If you’re planning to market your healthcare business by optimising your website for organic search engines, then the first thing you need to do is to research which keywords to target.

There’s no point having a top ranking for a phrase no-one is searching for, and equally there’s no point targeting a phrase which you have little hope of ever ranking for - you’re not going to be number one for ‘healthcare’ any time soon, for example!

Keyword research is about finding the phrases with the best balance of traffic to competition, relevant to your business, and taking these phrases into account when planning your website.

Step 1. Gather keyword ideas

You may think it’s obvious which phrases you need to target – and it may well be so. ‘Gynaecologist Bristol’, for example, if you happen to be a gynaecologist in Bristol, would be a very obvious phrase to target – and probably not too competitive.
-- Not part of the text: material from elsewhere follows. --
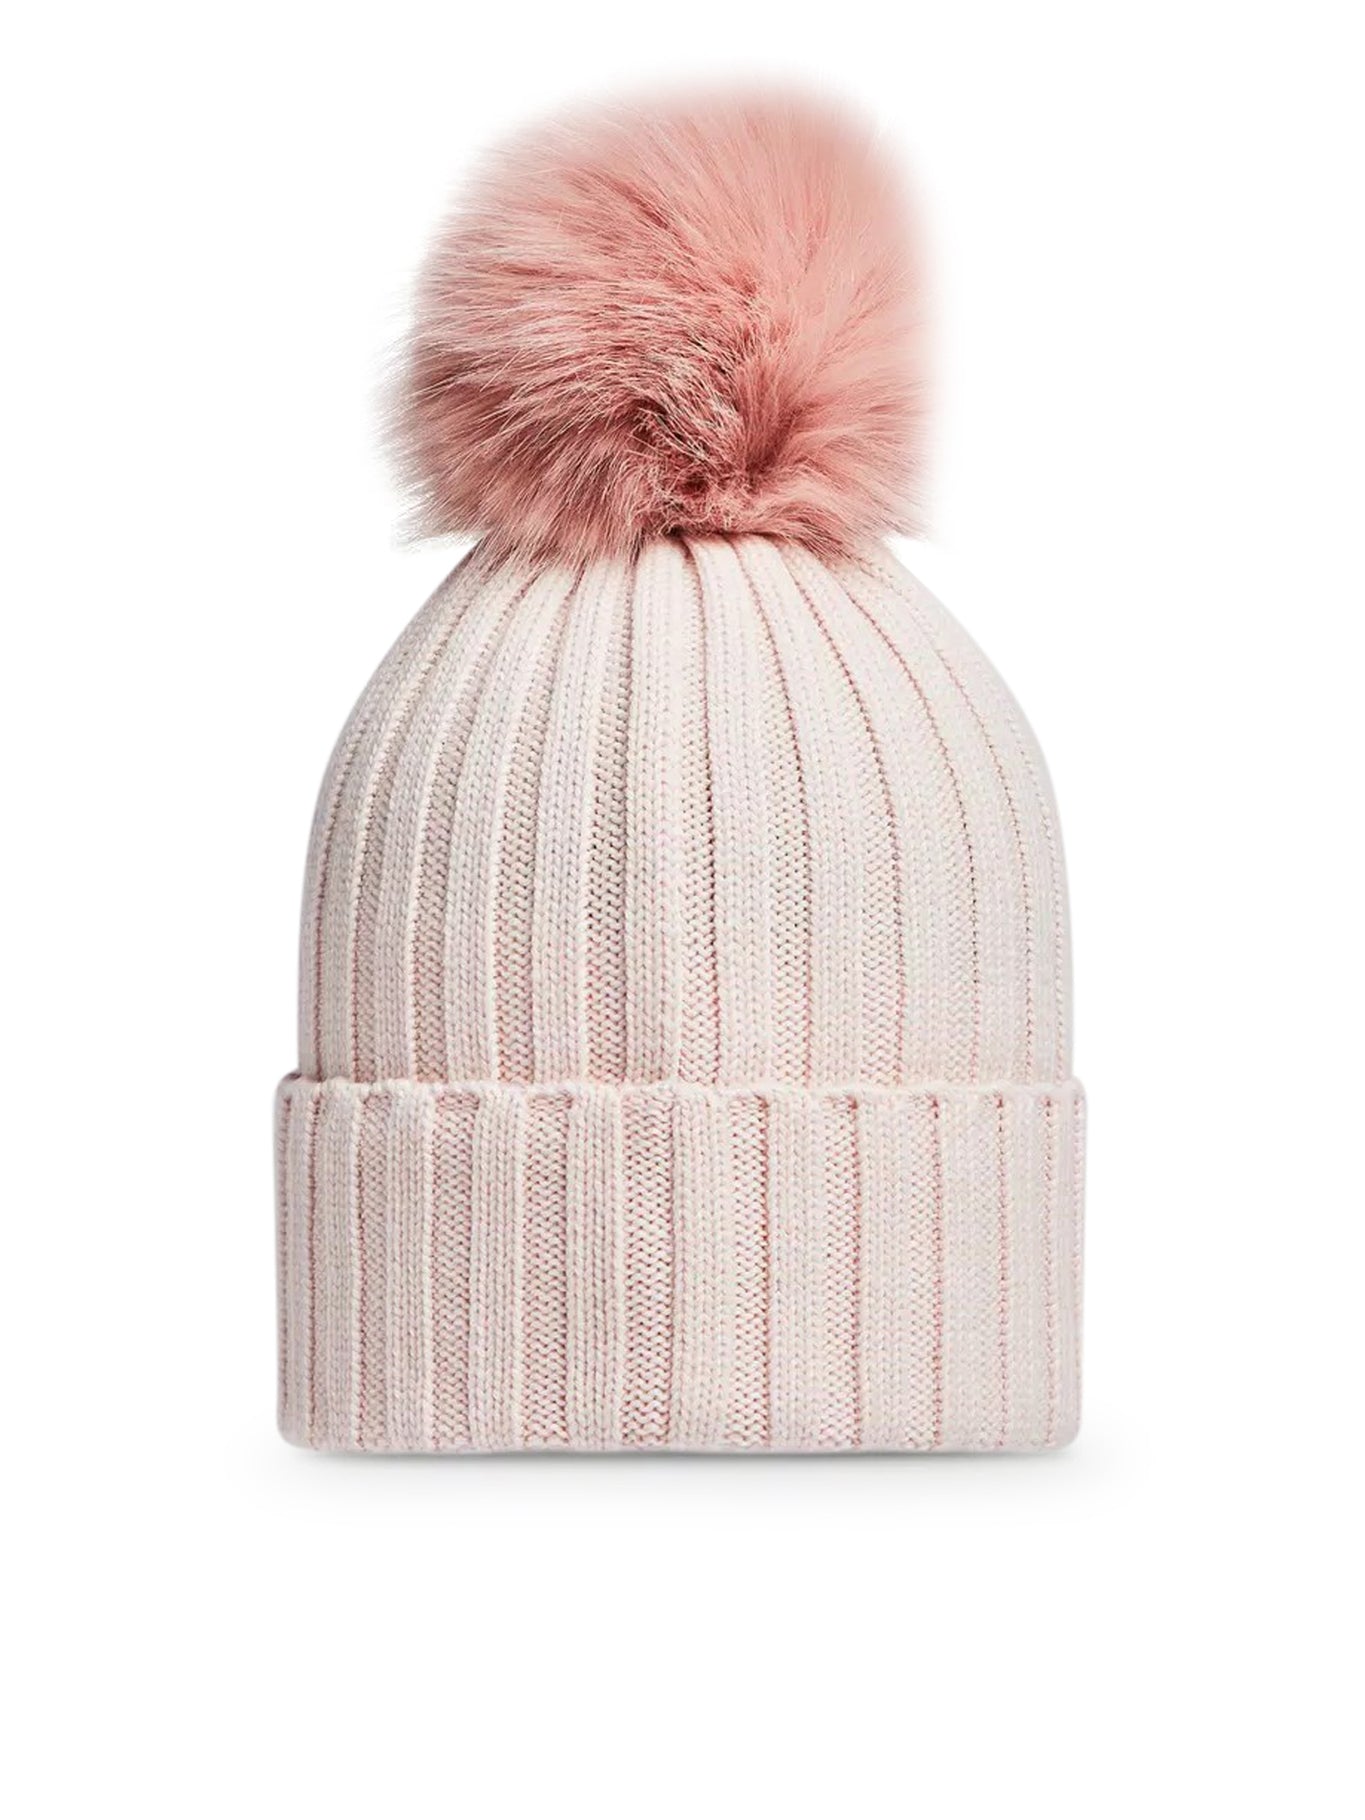 WOOL HAT WITH PON POM

But in all likelihood there will be many other phrases you can target too. When we conduct a keyword research project we would use the following process:

  1. Write down all the ideas that come to you, off the top of your head.
  2. Brainstorm ideas with someone who knows little about your business – get them to ask you questions about what you do, what issues you can help people with, what geographical area you can serve, and this will trigger off many keyword ideas that you may not have thought of. Looking at your business with outsiders’ eyes can be very enlightening!
  3. Look at what your competitors are targeting. Read their websites carefully and see how they describe themselves – what kind of terminology are they using? You can also have a look in their website code to see what phrases they have put (if any) in their meta keywords tags. (Meta keywords don’t really help your website to rank better in search engines but your competitor may well not know that and have put the phrases they are looking to target in there.) If you use Firefox, right click anywhere in the web page you’re looking at and choose ‘View Page Source’, and if you use Internet Explorer, click the ‘View’ menu and select ‘Source’. Somewhere towards the top of the code that comes up, you will probably see something that looks like <meta name="keywords" content="bla, bla, bla" />, where “bla, bla, bla” is their list of target keywords.
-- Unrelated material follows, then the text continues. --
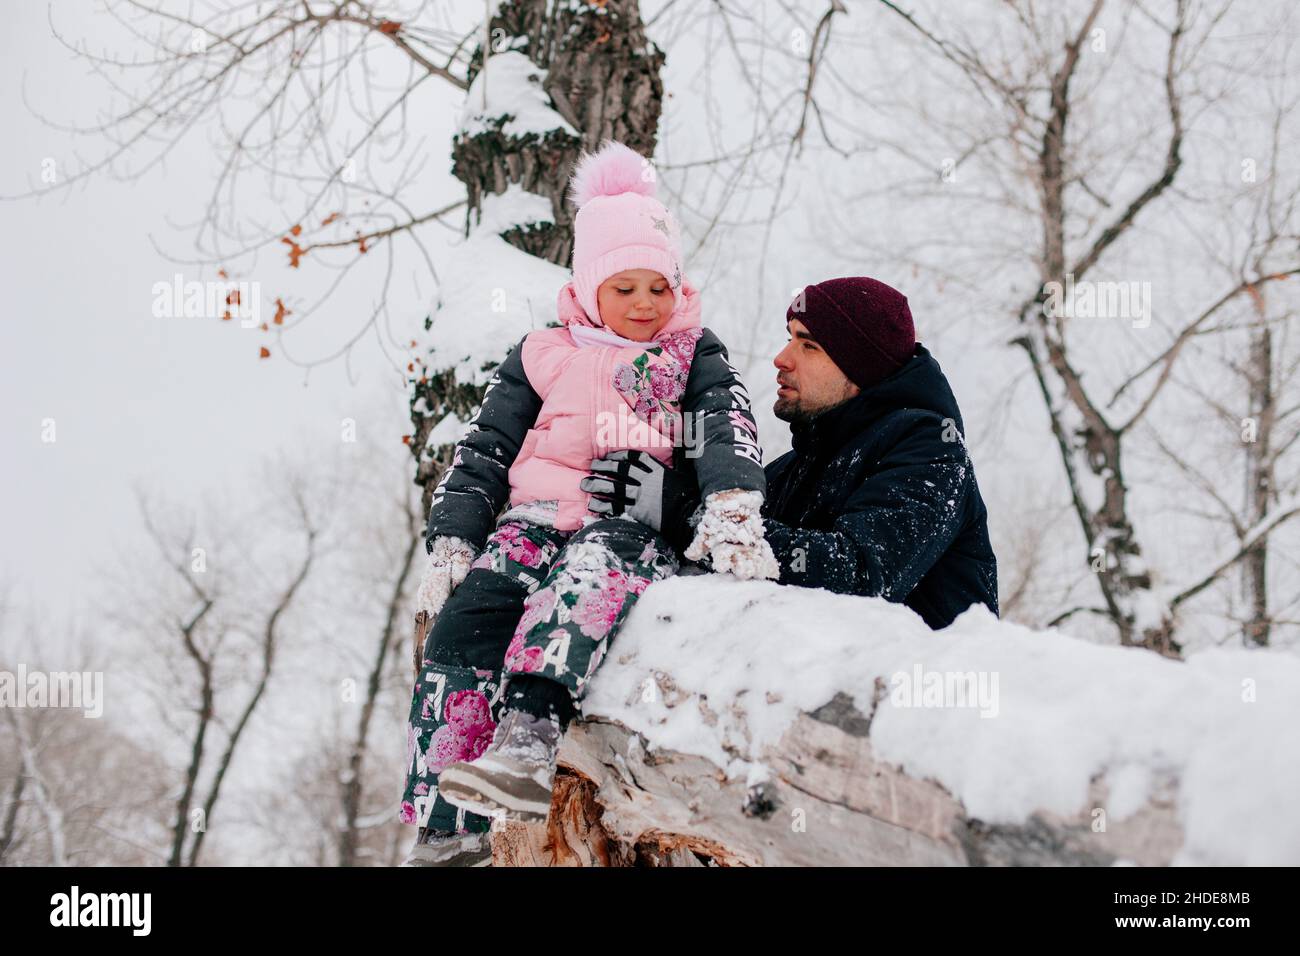 Distant photo of female kid sitting on tree log and smiling wearing pink winter clothes with father holding daughter in forest. Astonishing background Stock Photo

Step 2. Analyse your keywords

You should, from Step 1, have a fairly extensive list of keyword ideas. But is anyone searching for them?
Really, the best thing to do to get accurate keyword data is to run a Google AdWords campaign for a while, but assuming that you don’t want to do that, you can still use the Google AdWords keyword tool to pull off some useful data for your search engine optimisation campaign.
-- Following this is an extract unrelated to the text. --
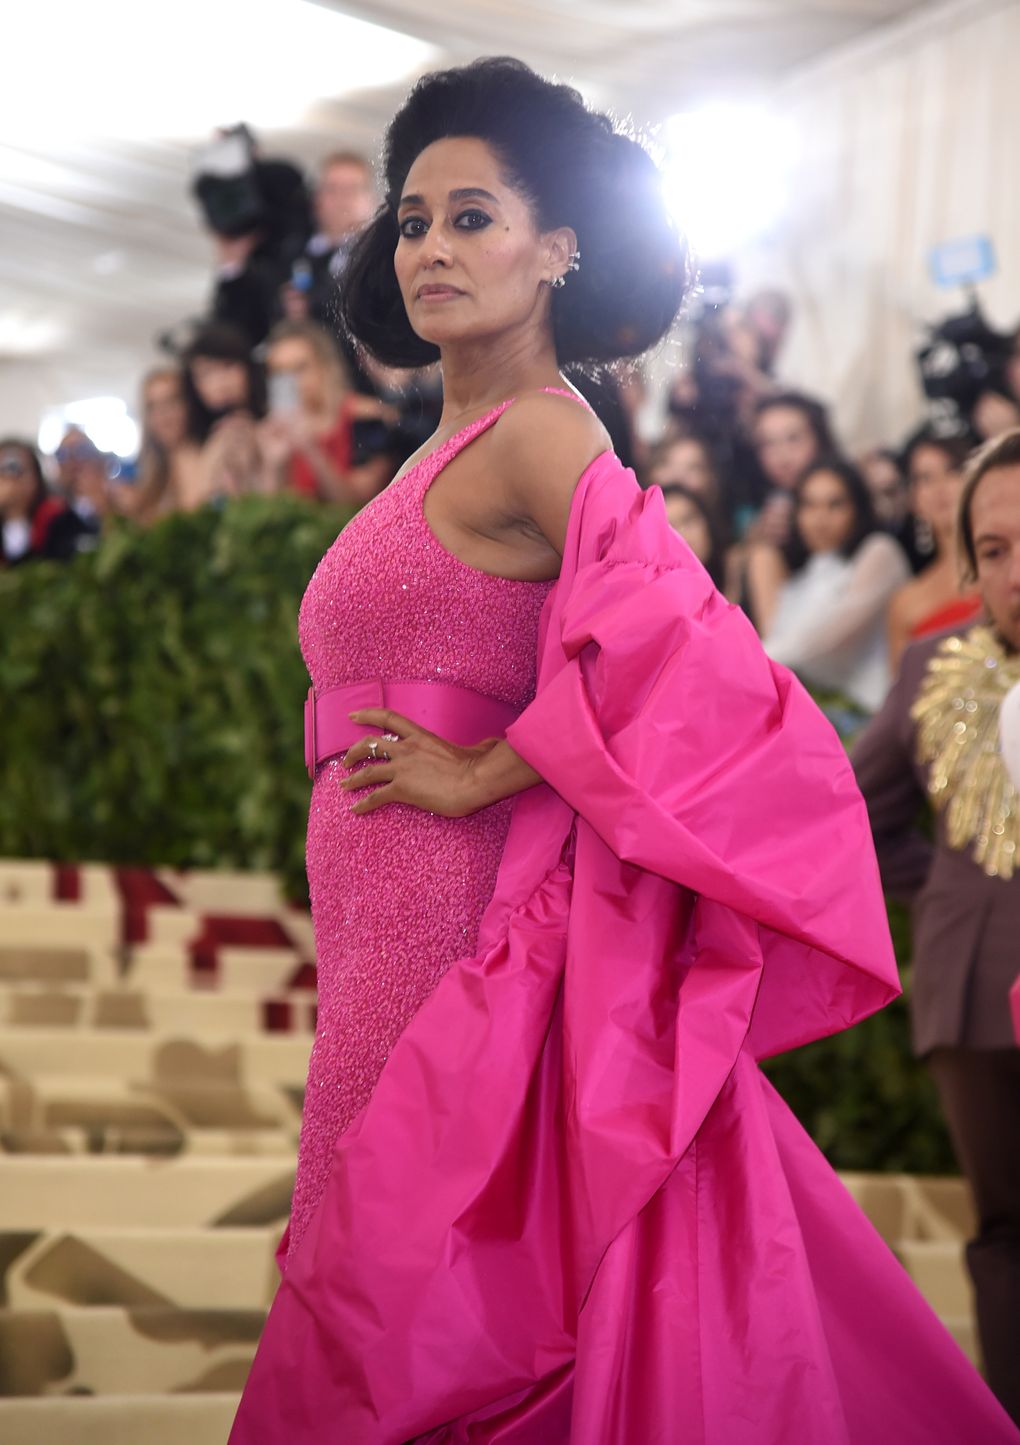 Holy haute couture: Met Gala blends fashion, a little bit of religion ...

Start by visiting the Google AdWords keyword tool here: https://adwords.google.com/o/KeywordTool.

Make sure that the data you are about to obtain relates to the appropriate geographical area. After all, if your business is operating solely in the UK it will not be helpful for you to be looking at data relating to the USA. To do this look at Advanced Filters and Options and make sure the correct location is showing. If necessary you can change the country by clicking the X to the right of Locations and selecting the country you want from those listed in the dropdown.

Enter your keyword ideas into the ‘Word or phrase’ box – it’s usually best to do them one at a time rather than putting them all in the box at once. To keep things simple, leave the ‘Website’ and ‘Category’ boxes blank for the moment, though you may wish to come back and investigate what those do at a later stage.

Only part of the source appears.